EXERCISE PROMPT: Reproduce the listing below word for word, with no pictures.

DATA SECTION:

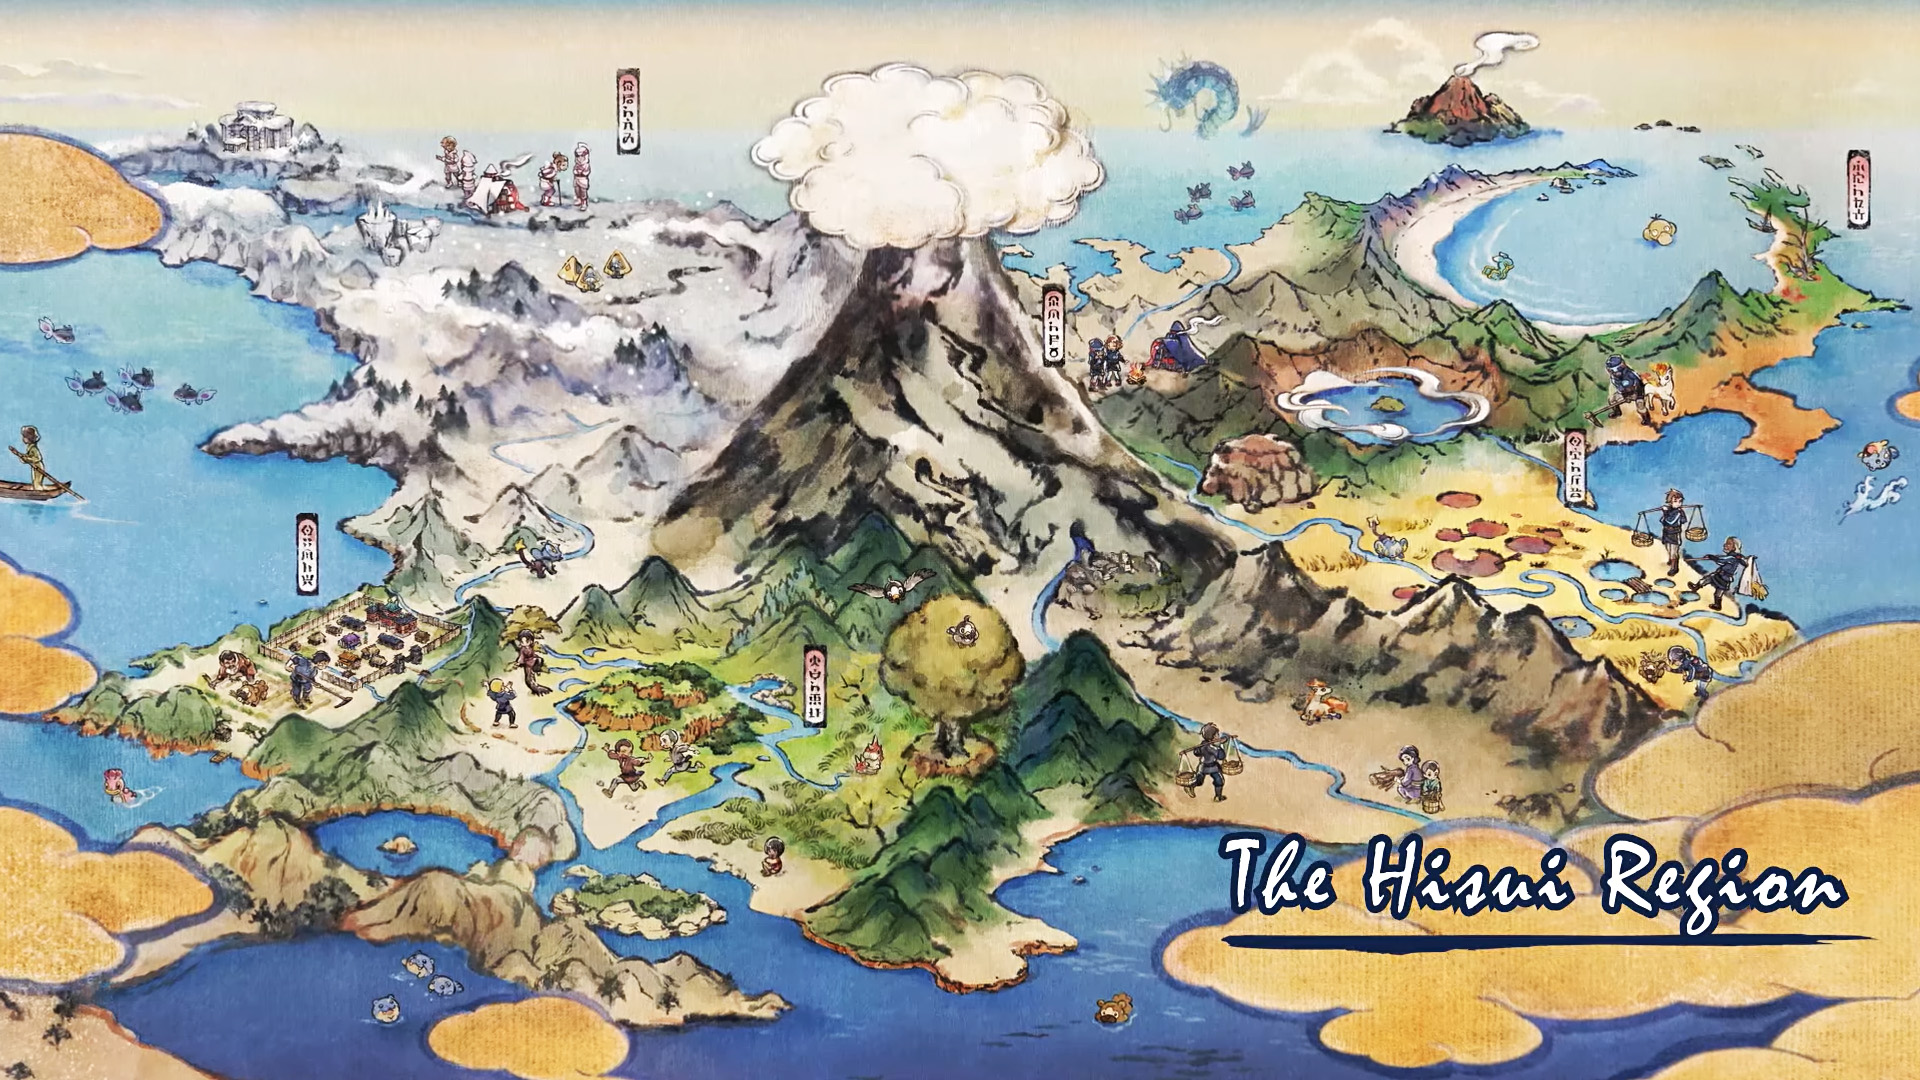 Download Pokemon Legends Arceus Seashore Wallpaper  Wallpaperscom
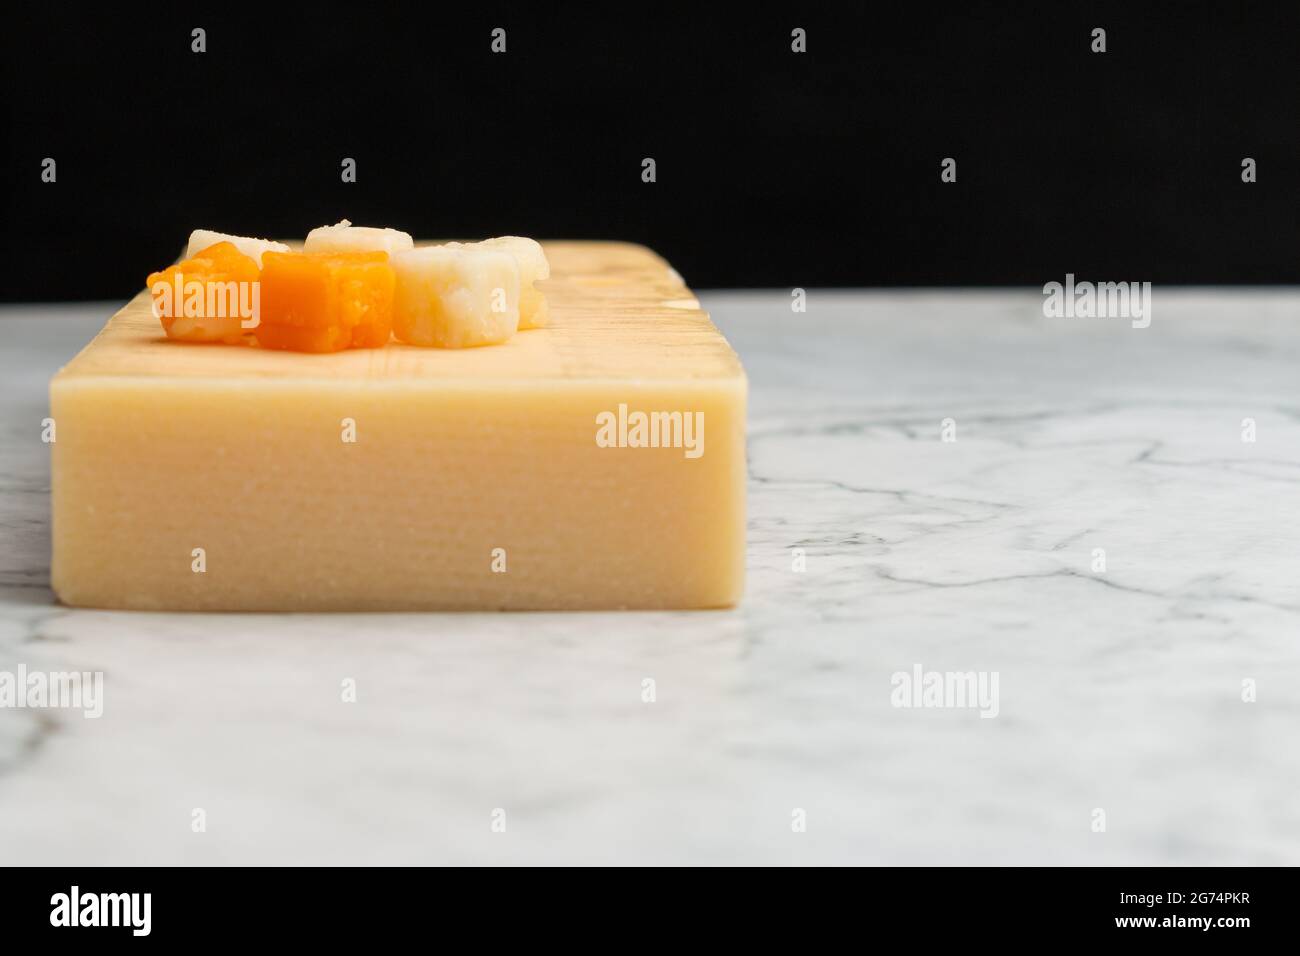 Nahaufnahme eines gelben Cheddar-Käses mit kleinen Käsequadraten auf einer Marmoroberfläche Stockfoto
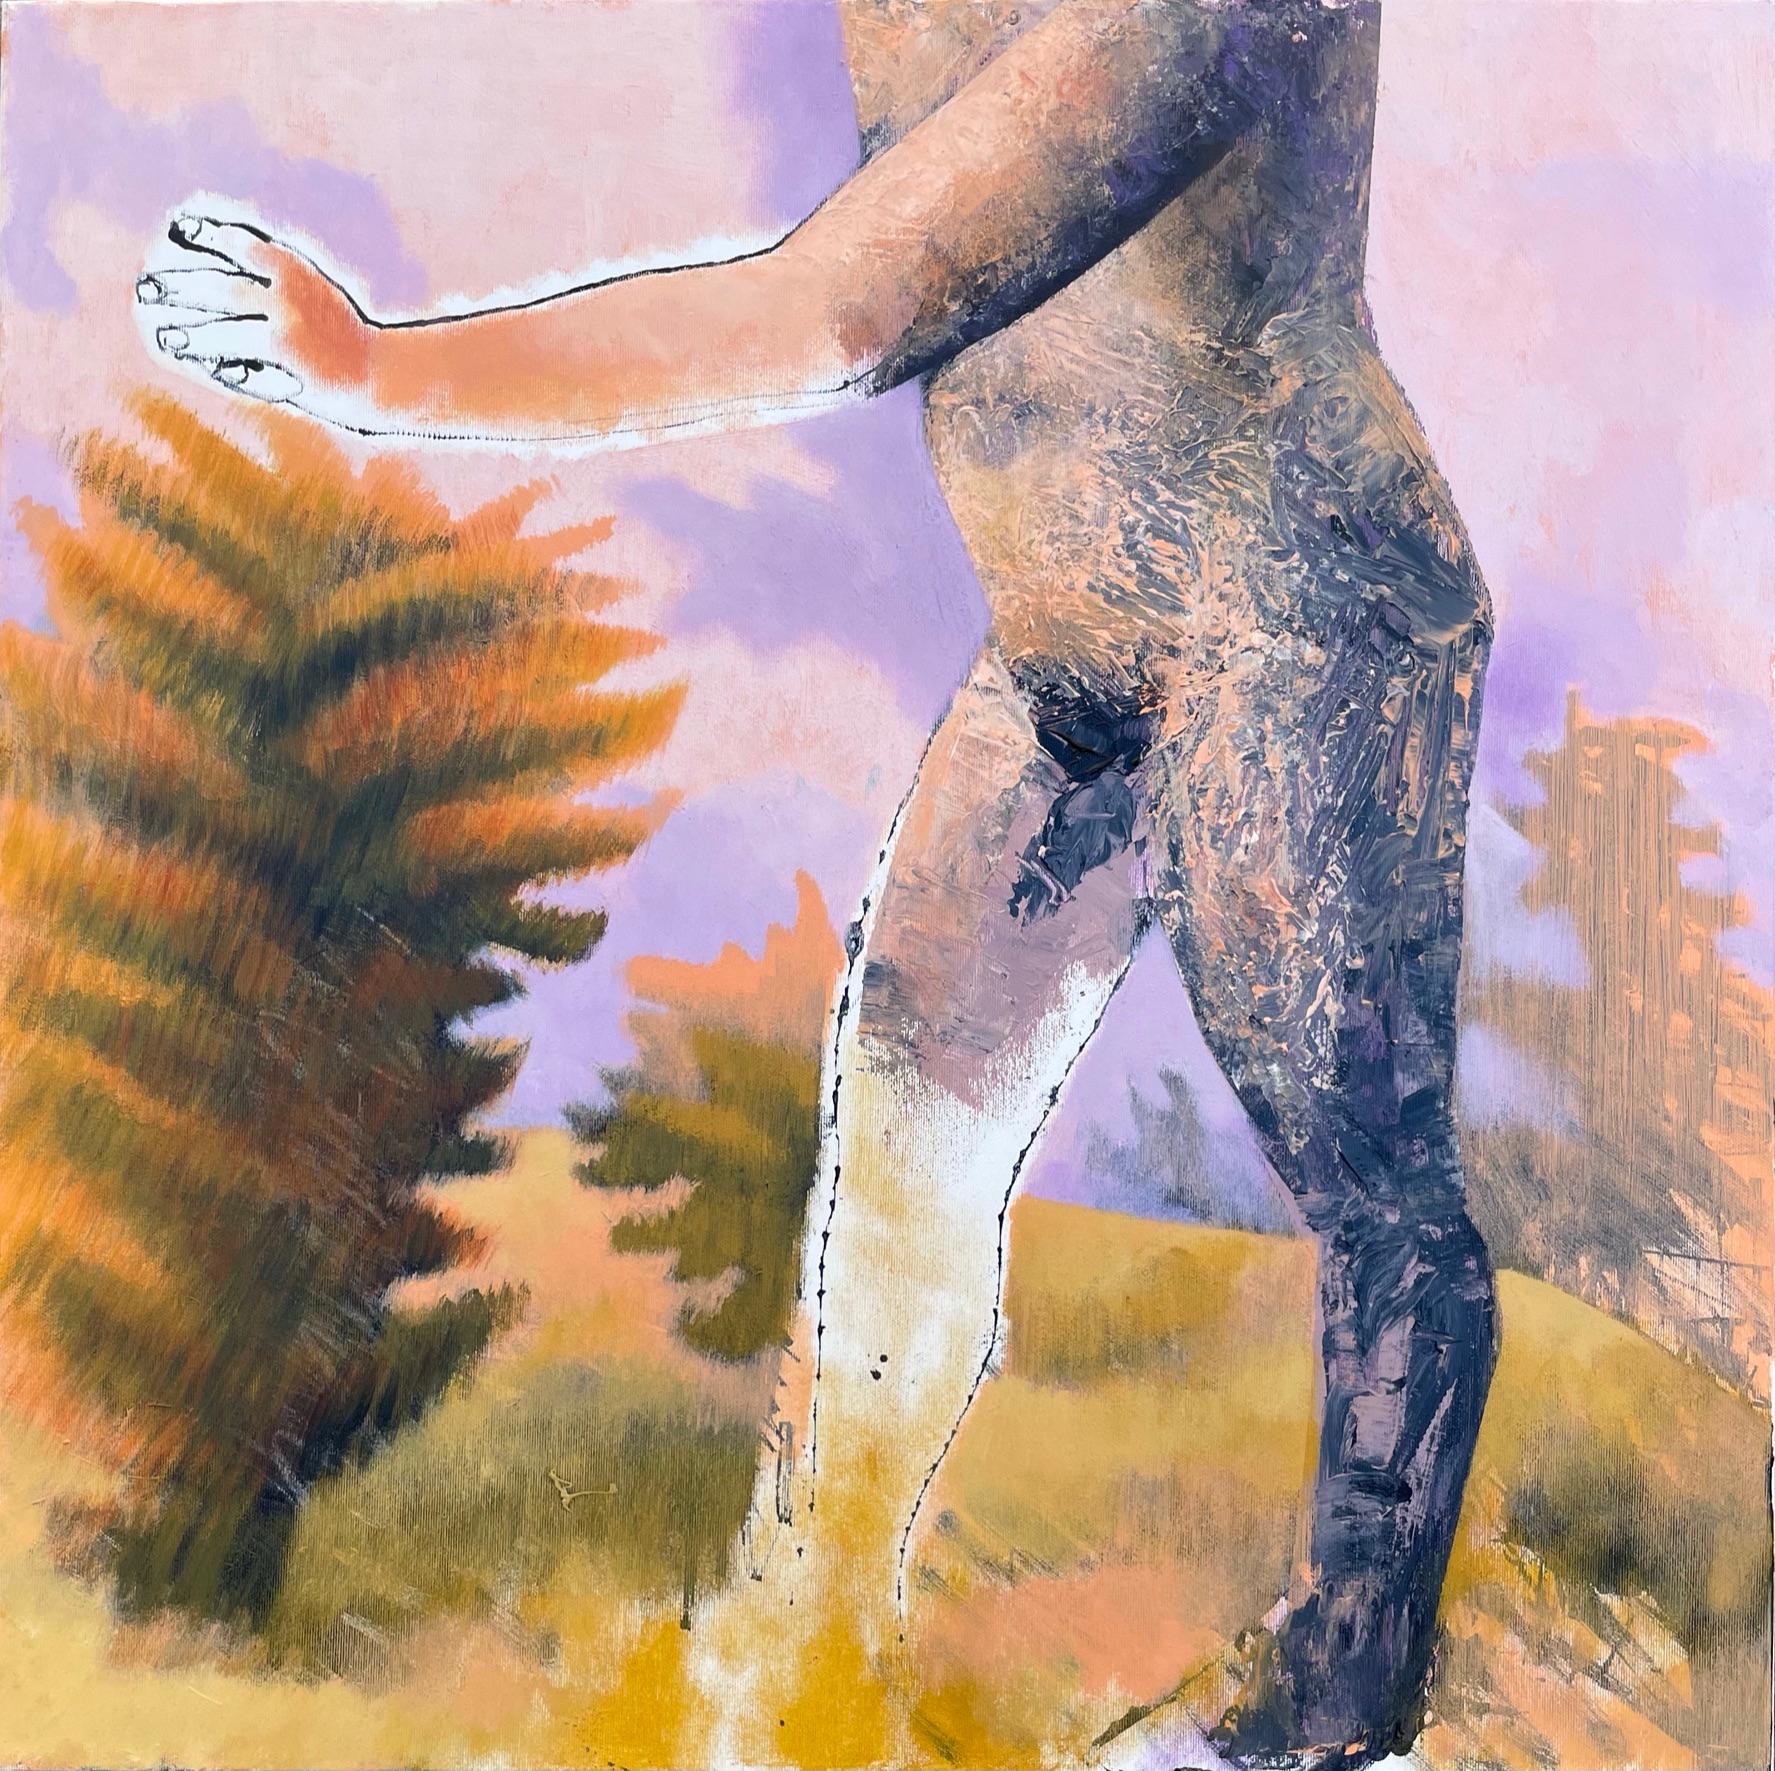 Figure, die in einer trockenen Landschaft geht, 21. Jahrhundert, männlich, nackt, Natur, Sommer

SOLUTION FOR THIS EXERCISE:
 Download Pokemon Legends Arceus Seashore Wallpaper  Wallpaperscom
 Nahaufnahme eines gelben Cheddar-Käses mit kleinen Käsequadraten auf einer Marmoroberfläche Stockfoto
 Figure, die in einer trockenen Landschaft geht, 21. Jahrhundert, männlich, nackt, Natur, Sommer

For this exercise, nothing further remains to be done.